§ **Exercise objective**
What are the lines, copied exactly, from the one containing "Mango Ginseng Rooibos Tea (Loose)" through the last line of the records below, both included?

(Extracted records)
--- START ---

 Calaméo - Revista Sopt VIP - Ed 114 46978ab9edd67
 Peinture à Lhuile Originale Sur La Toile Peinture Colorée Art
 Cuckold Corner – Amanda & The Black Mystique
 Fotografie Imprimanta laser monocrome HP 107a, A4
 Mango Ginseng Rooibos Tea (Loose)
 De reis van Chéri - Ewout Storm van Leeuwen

--- END ---

§ **Task solution**
 Mango Ginseng Rooibos Tea (Loose)
 De reis van Chéri - Ewout Storm van Leeuwen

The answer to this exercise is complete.